Stash Box: Is Little Amsterdam in Seattle a Pipe Dream?

Why can’t we just allow public cannabis consumption in the way we allow alcohol consumption—namely, being able to imbibe at cafes, clubs, and restaurants?

Illustration by James the Stanton

So I have this vision. It’s around 11 a.m. I’m headed to my local coffee shop to get some work done and maybe cross paths with some friends. I grab my bag and head out into the drizzle, smiling at my neighbor, stretching my legs, catching a whiff of the dewy white flowers of the snowdrift vine on the corner of a busy intersection.

When I reach the busy cafe, I’m suffused with the convergence of aromas I’ve come to love: cannabis, espresso, and pastries.

I order my usual—a doppio with a half-gram of Tangerine and an almond crescent.

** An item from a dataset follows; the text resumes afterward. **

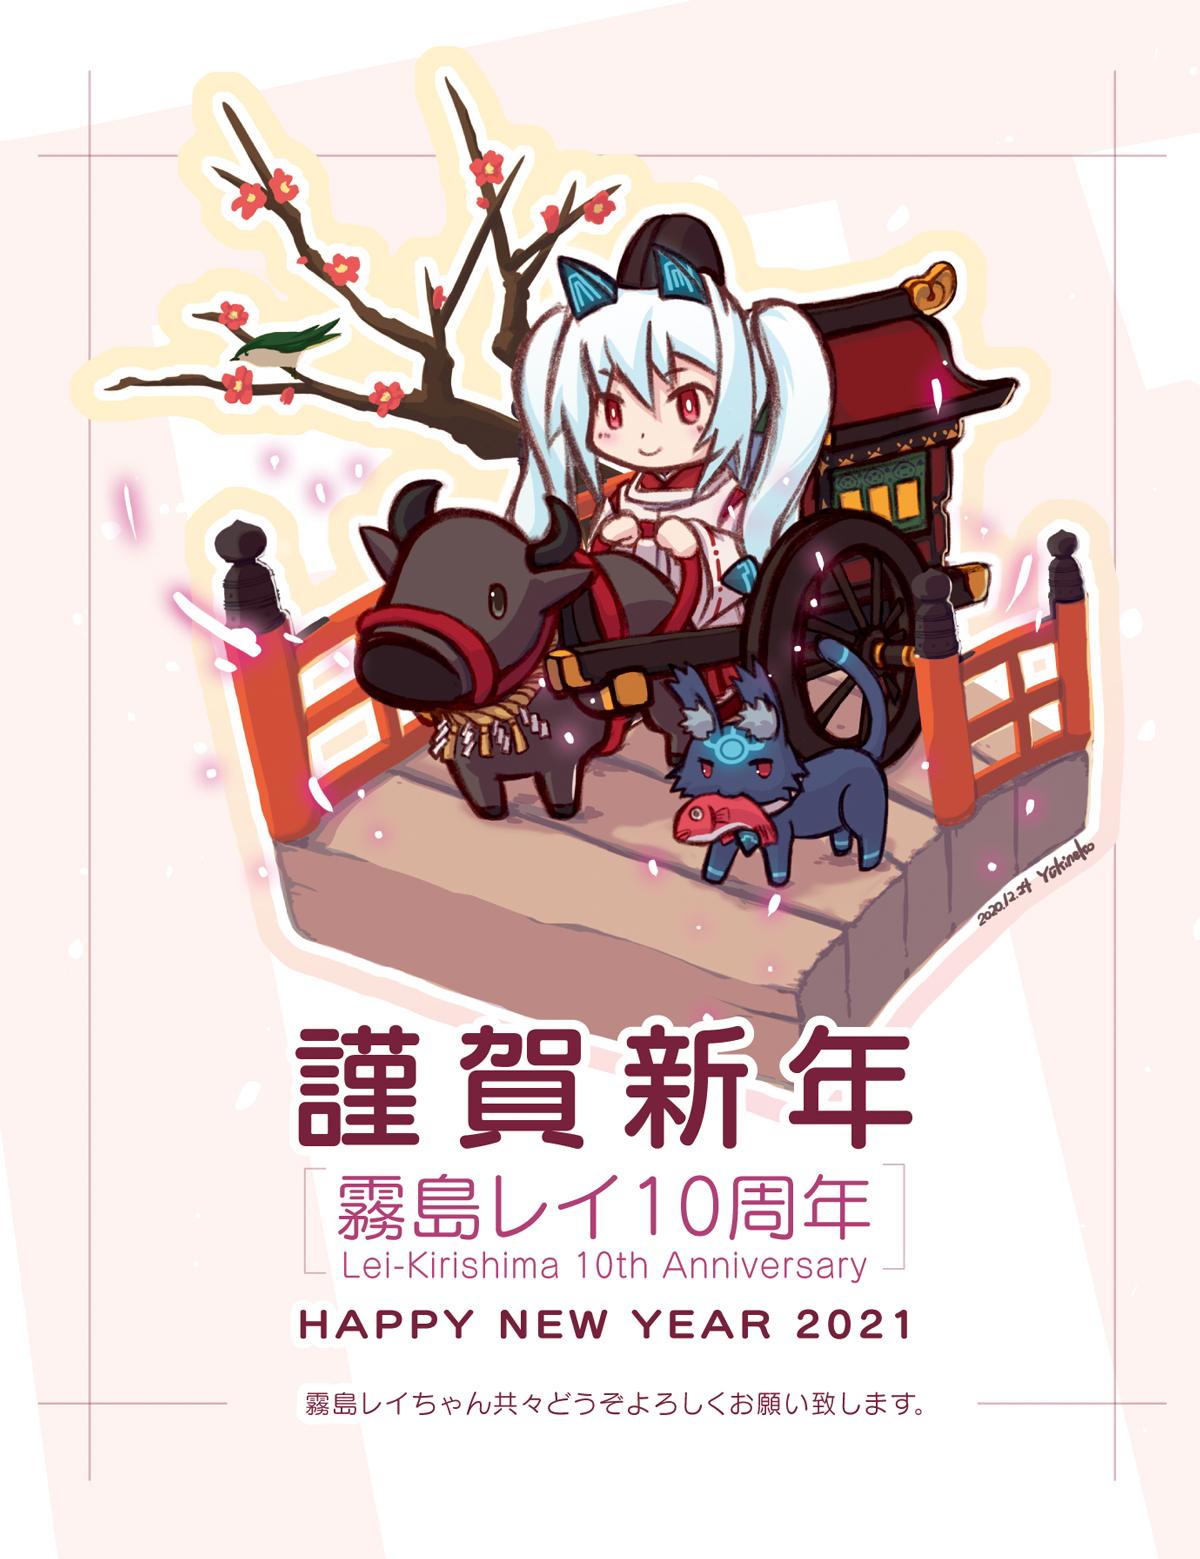 【2021年】新年のご挨拶 記事イメージ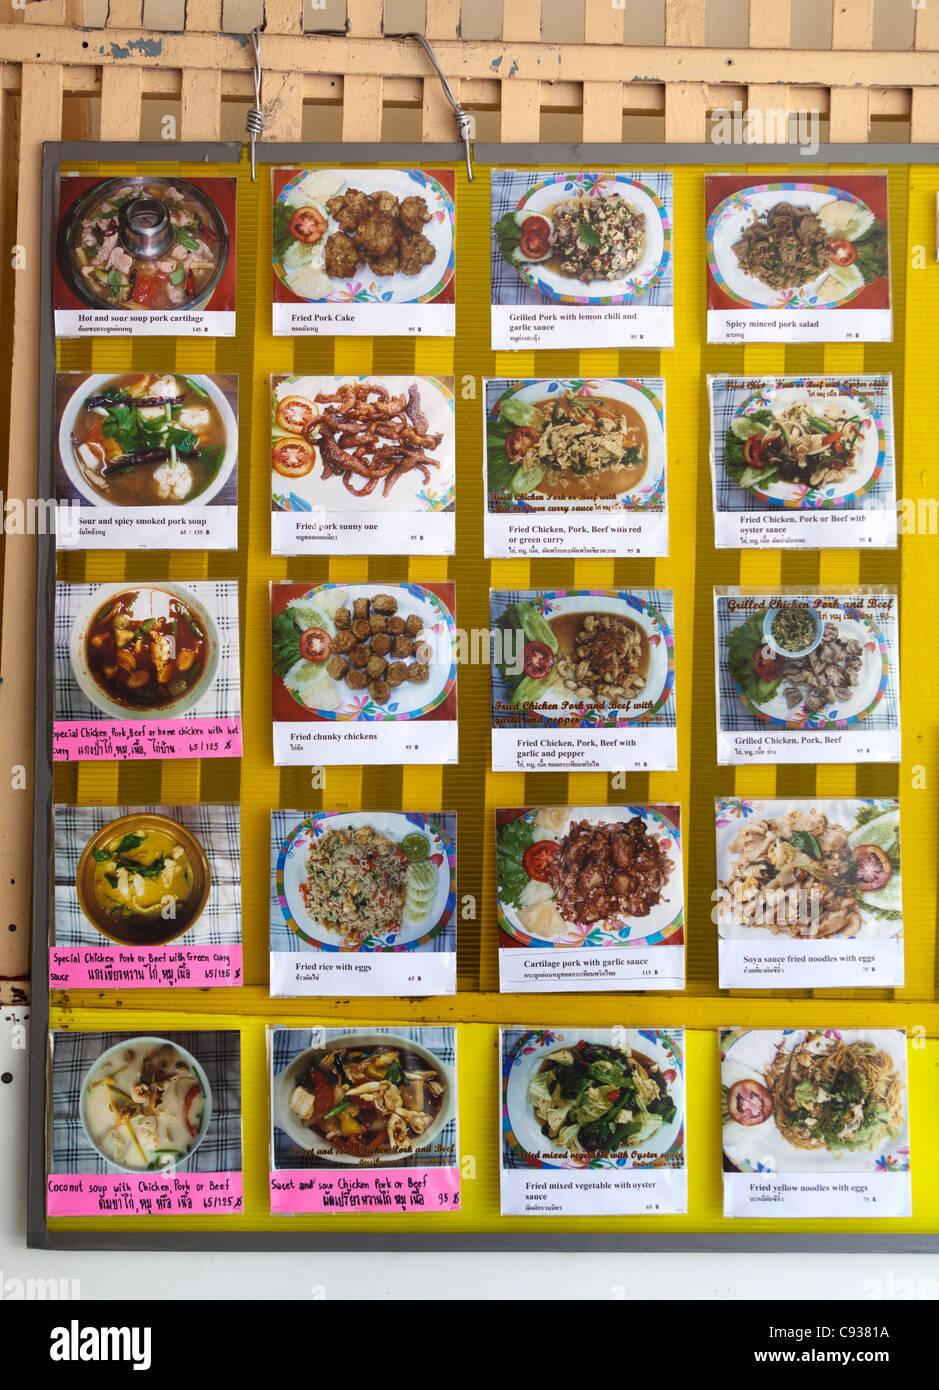 Restaurante Menú Imagen Junta Hua Hin Tailandia Imagen De Stock

The barista quickly grinds up my half-gram and expertly pulls my shot, blending the two with a hit of cream. She sets the ceramic demitasse cup on a dish with a small spoon and a twist of orange peel.

I settle in next to a wide window (probably overlooking Broadway or Fifth Avenue) and set up my work area, taking a sip, the velvet liquid momentarily filling my world. I’ll be honest: Sometimes in this vision it’s not a weed-infused shot, it’s a weed-infused slice of quiche.

Currently my fantasy is an illegal one, but there are plenty of reasons why it shouldn’t be. The city known for its cafe culture should embrace both the bean and the green, and allow these two amazing forces to unite.

We have all these incredible aspirations as a city—we want this amazing, expansive, public transportation system; we want to lead the way in ecologically sound city management; we want to solve our growing homelessness crisis, just to name a few.

We have an incredible opportunity to embrace our region’s cannabis culture and offer people an amazing experience, like wine lovers who visit France or beer lovers who visit Germany. We have such a rich heritage of cannabis cultivation and celebration, and we should be spotlighting all its wonderful cultural aspects. From exploring beautiful outdoor grow operations that still seek the perfect terroir to sampling tasty delicacies from some of the city’s finest cannabis-oriented chefs to heading down to gorgeous Myrtle Edwards Park on the sparkling waterfront for the world-famous Hempfest, we offer so much in a cannabis visit. But visitors, and most residents, don’t actually have a legal place to smoke, vape, or dab unless they own a residence or property.

The money-making possibilities for Washington are staggering. In 2011, Amsterdam raked in almost $200 million from cannabis tourism. That doesn’t even account for domestic spending. The tax revenue would be a vital shot in the arm for the state budget—not to mention the jobs that would be created if we would allow public cannabis consumption in the way we allow alcohol consumption: namely, being able to imbibe at cafes, clubs, and restaurants.

Right now, it’s not legal to smoke or vape anywhere in Washington in public, including parks, sidewalks, businesses, residential areas, and public lands. House Bill 2136, passed last summer, made private cannabis clubs illegal. (In the words of pro-cannabis Seattle City Attorney Pete Holmes, who helped pen I-502, “Frankly, it’s a stupid provision and I think that it’s overkill.”) Nearly all our medical dispensaries had lounges for their patients, but after the sweeping changes that rolled through the state a few months ago, nearly all of them closed, and those few that exist are in a nebulous state. There are very few options for people to gather and partake.

Cannabis has proven itself—literally for millennia—as a plant that brings people together. Coffeehouses have been a nexus point for the great minds of civilizations for hundreds of years, and I want Seattle to take advantage of this unique opportunity to cultivate a smart, weird, creative, open atmosphere where people and ideas from around the world can thrive. It’s time to cross-pollinate.